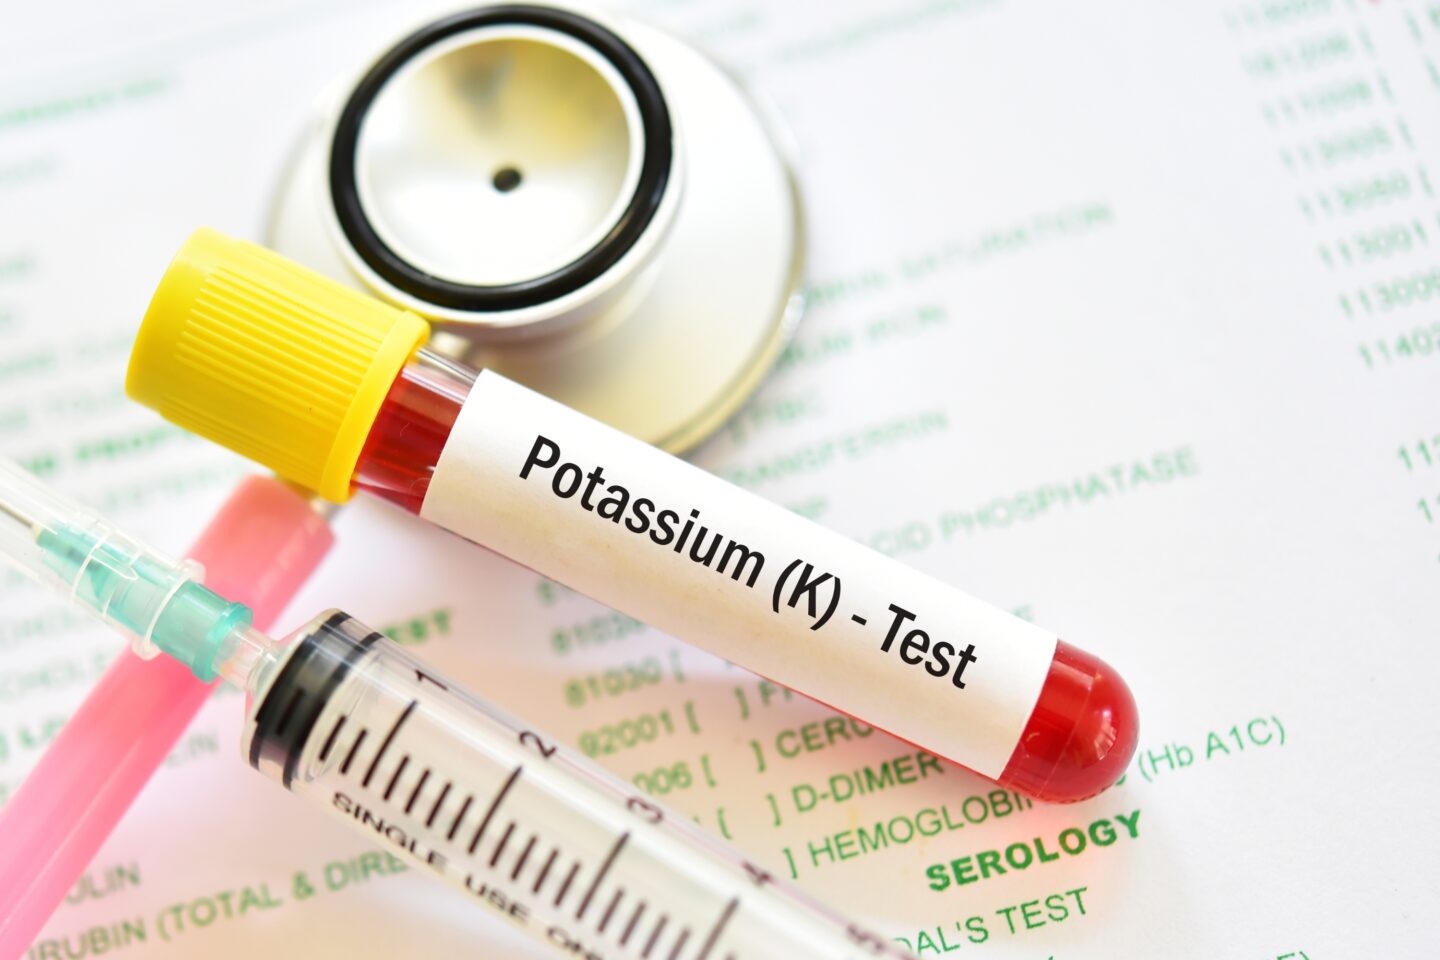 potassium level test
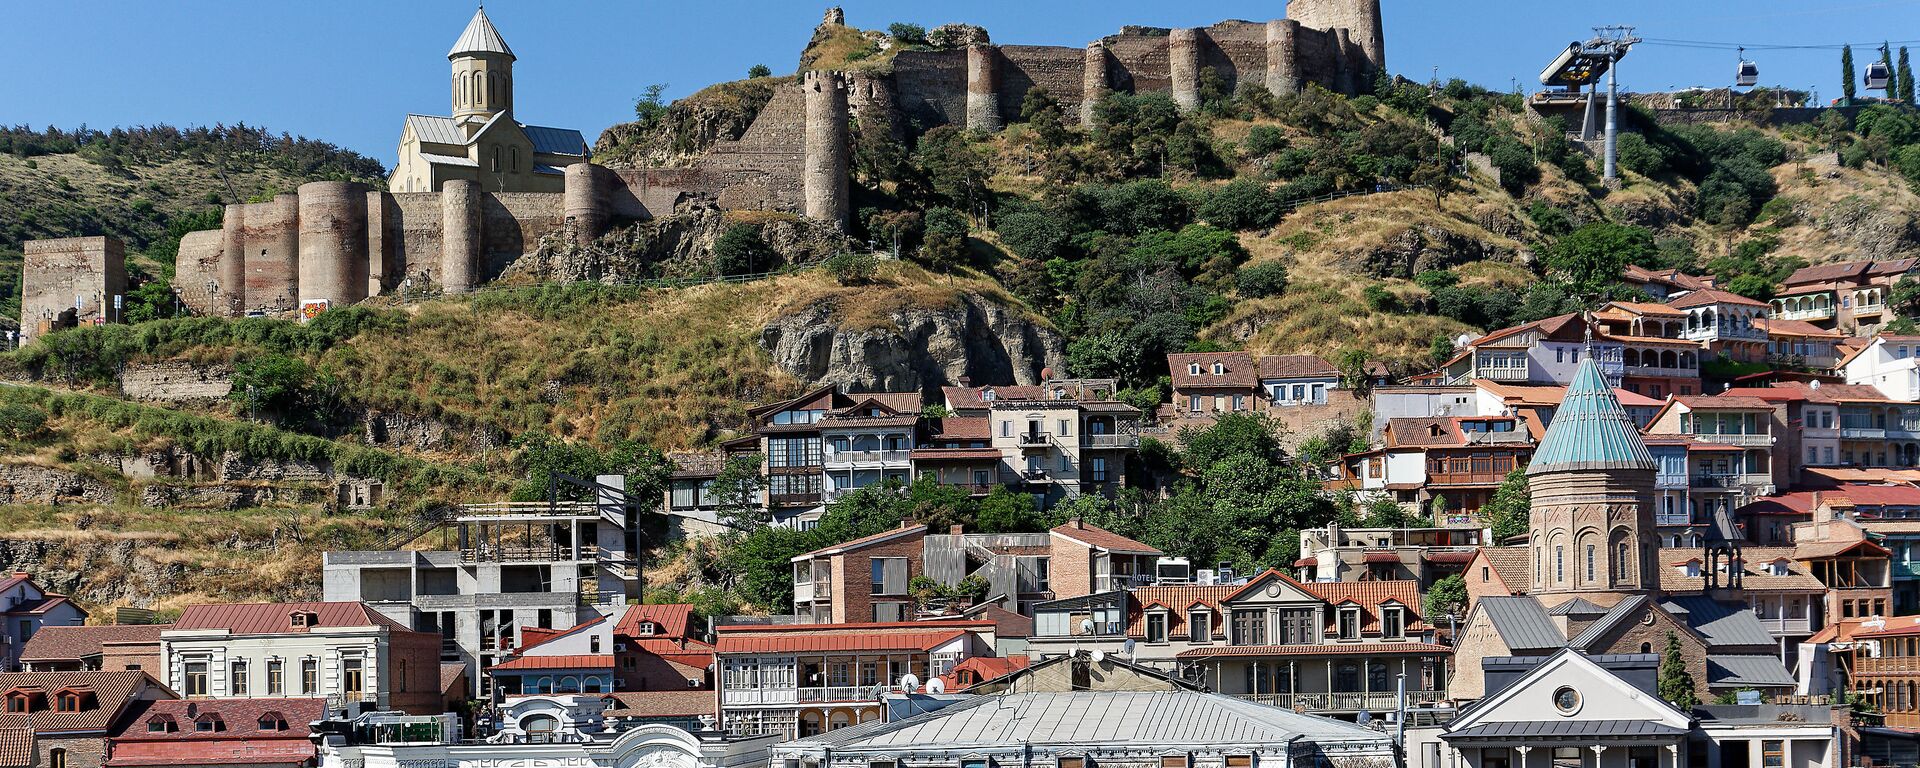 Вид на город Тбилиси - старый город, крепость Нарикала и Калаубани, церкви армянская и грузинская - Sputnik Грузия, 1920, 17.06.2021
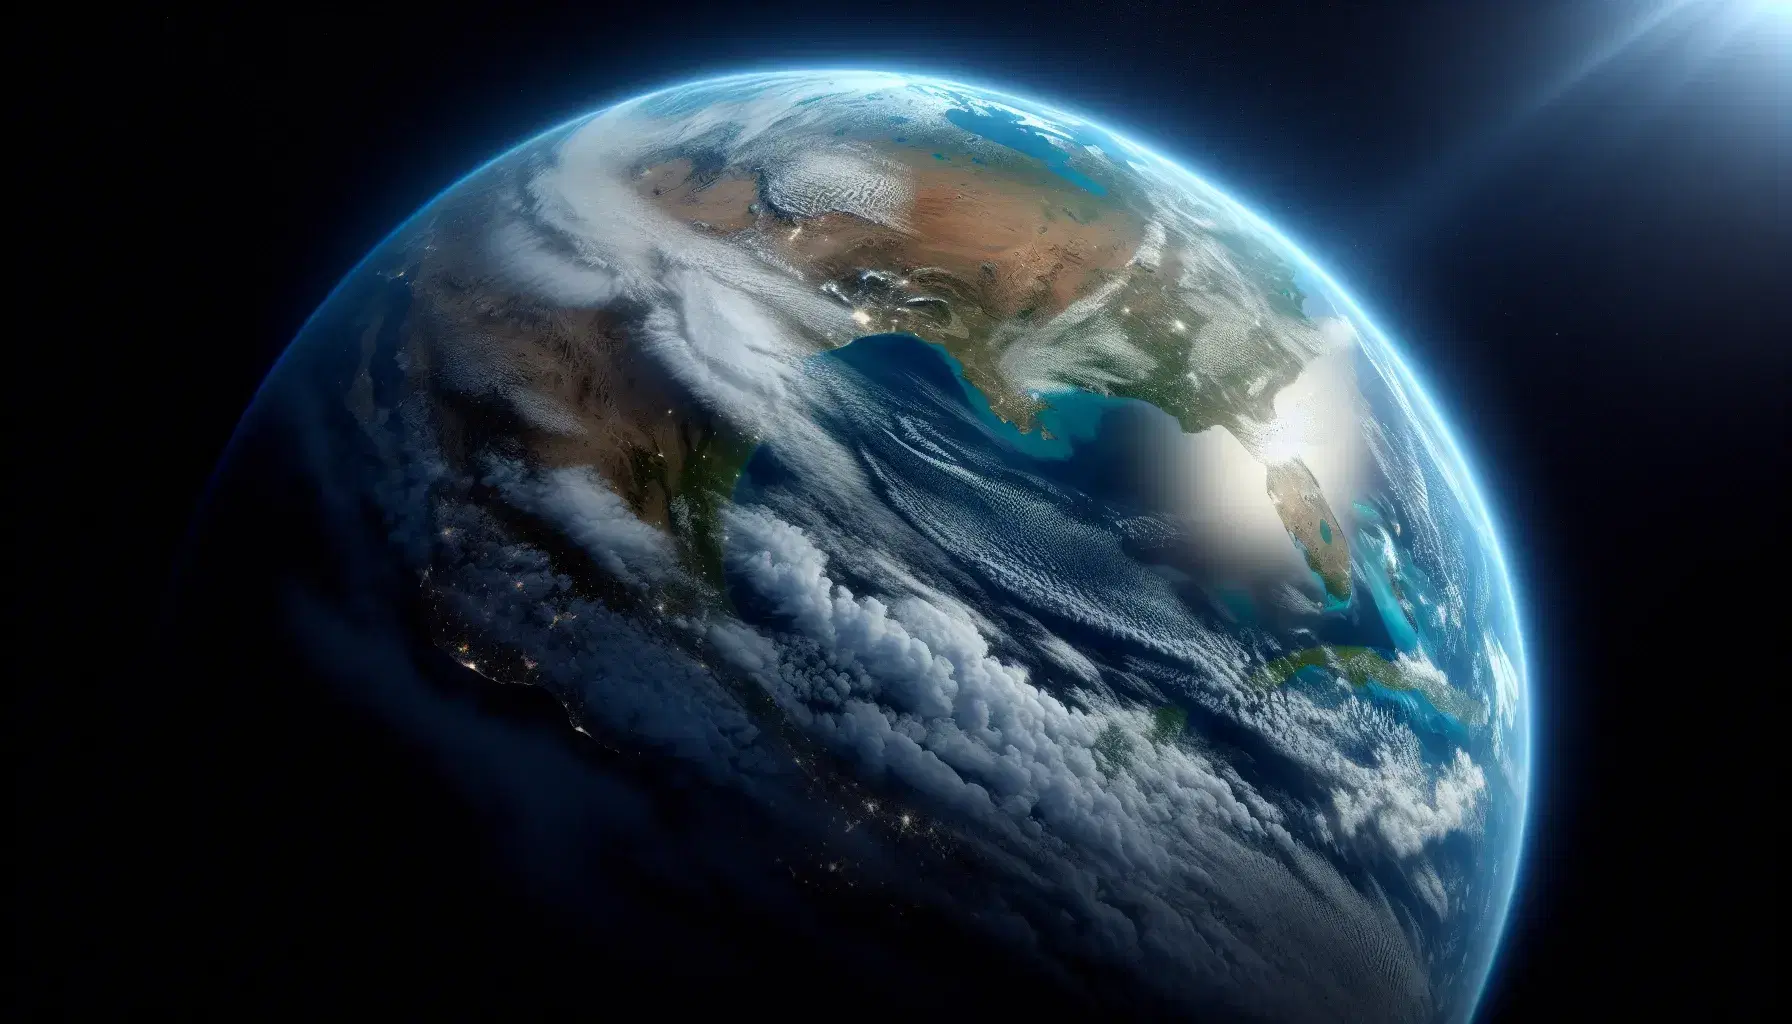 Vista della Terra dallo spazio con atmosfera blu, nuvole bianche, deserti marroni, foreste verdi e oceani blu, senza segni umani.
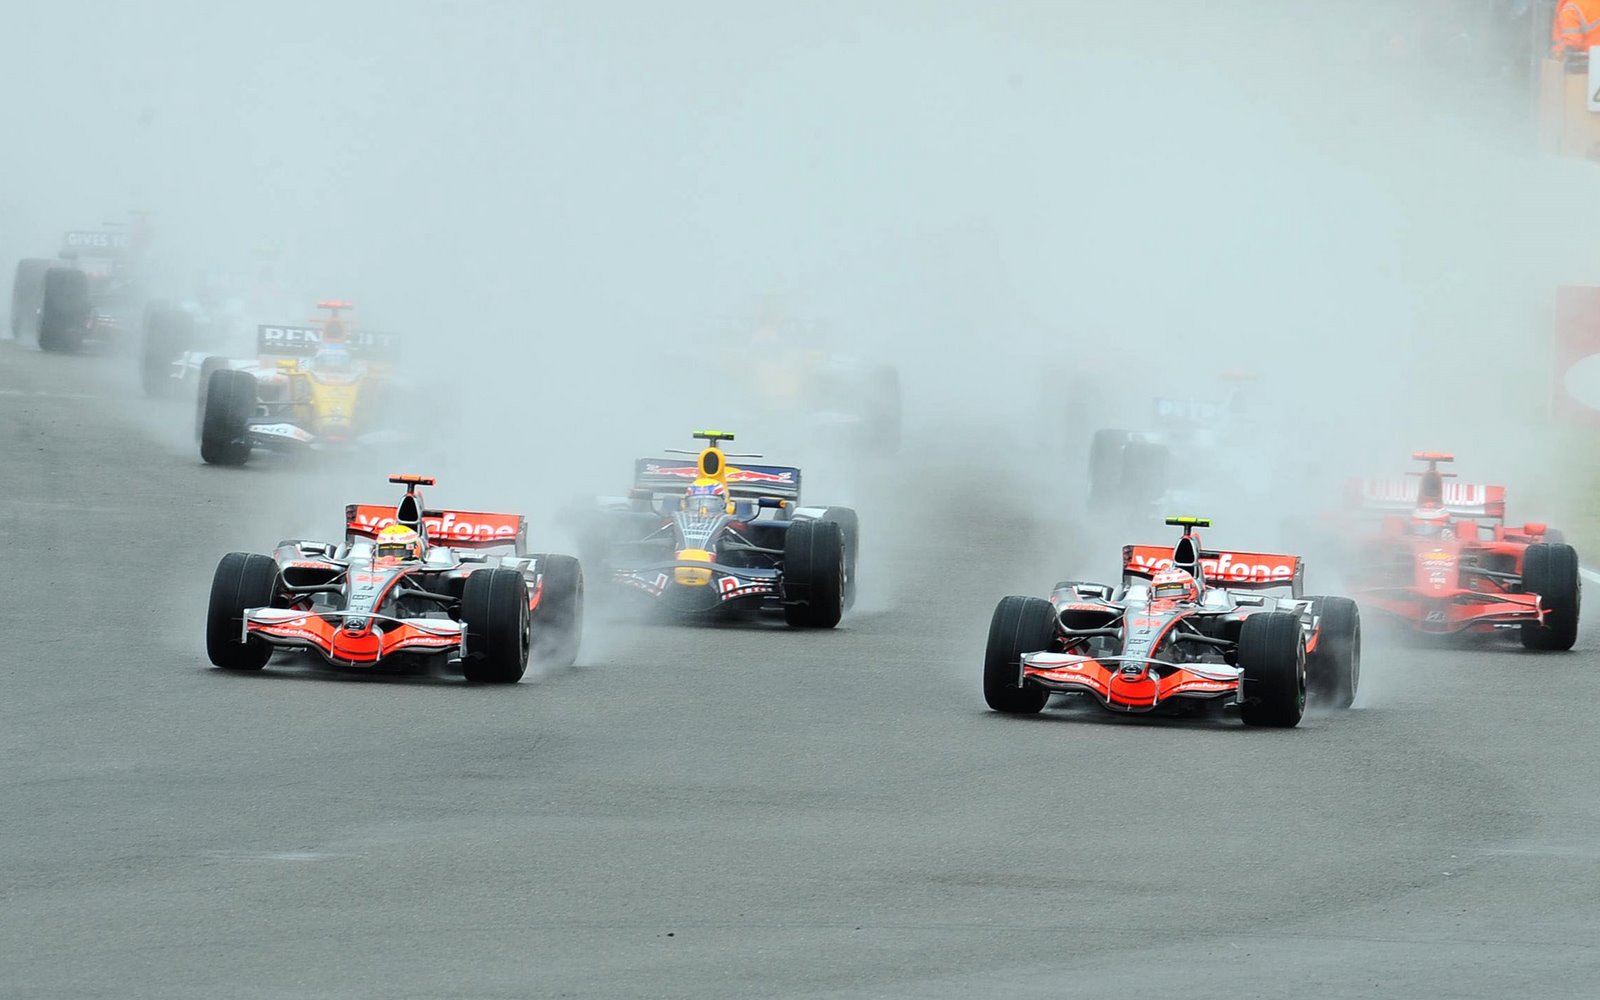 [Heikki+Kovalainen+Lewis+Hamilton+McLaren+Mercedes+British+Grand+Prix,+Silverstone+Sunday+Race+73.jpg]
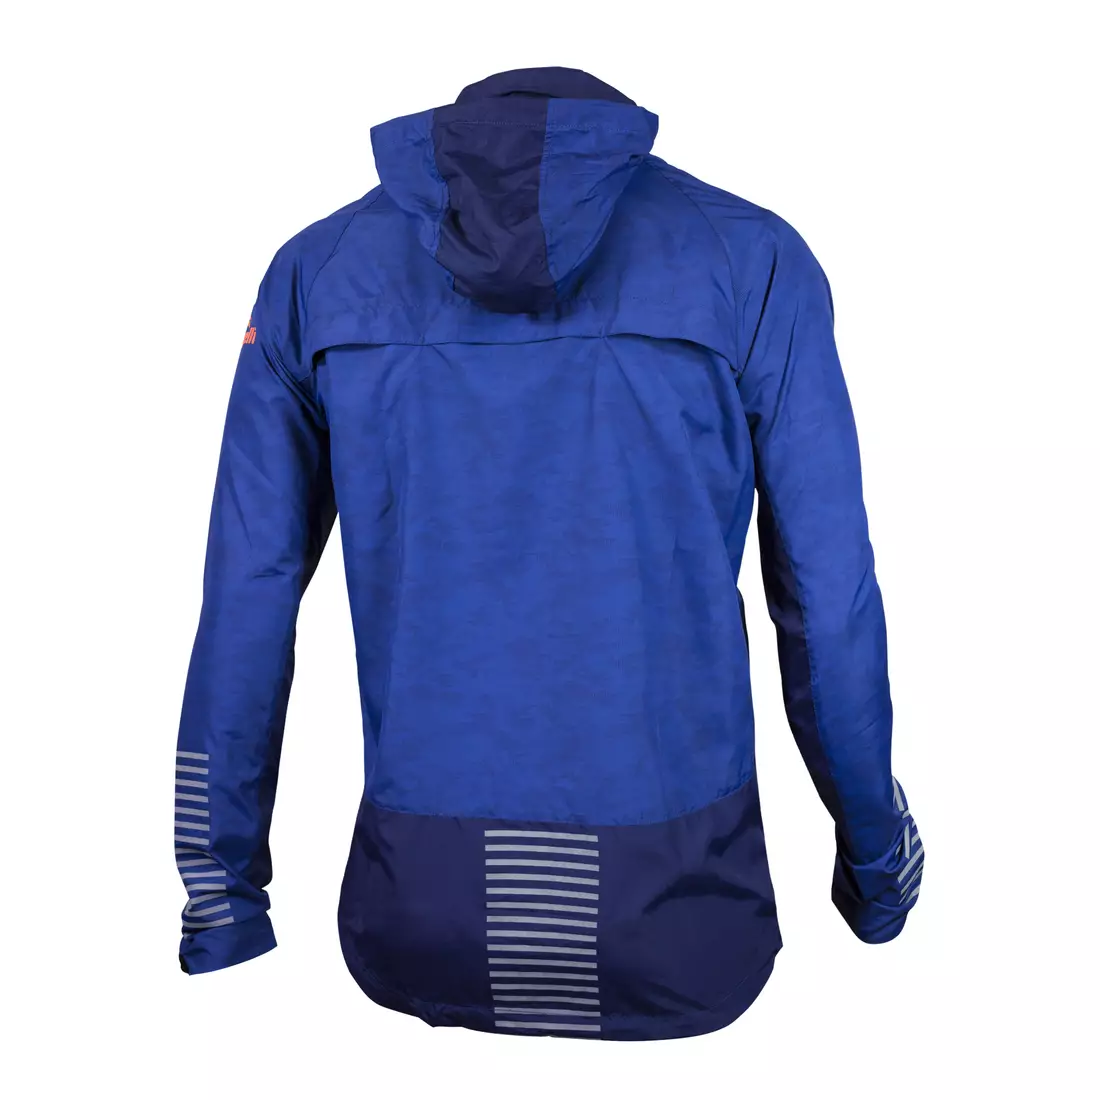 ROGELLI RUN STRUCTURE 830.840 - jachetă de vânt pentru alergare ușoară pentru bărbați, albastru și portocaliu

What you should do - Give back every line of the material above word for word, leaving out the pictures.

Written answer -
 potassium level test
 Вид на город Тбилиси - старый город, крепость Нарикала и Калаубани, церкви армянская и грузинская - Sputnik Грузия, 1920, 17.06.2021
 Vista della Terra dallo spazio con atmosfera blu, nuvole bianche, deserti marroni, foreste verdi e oceani blu, senza segni umani.
 [Heikki+Kovalainen+Lewis+Hamilton+McLaren+Mercedes+British+Grand+Prix,+Silverstone+Sunday+Race+73.jpg]
 ROGELLI RUN STRUCTURE 830.840 - jachetă de vânt pentru alergare ușoară pentru bărbați, albastru și portocaliu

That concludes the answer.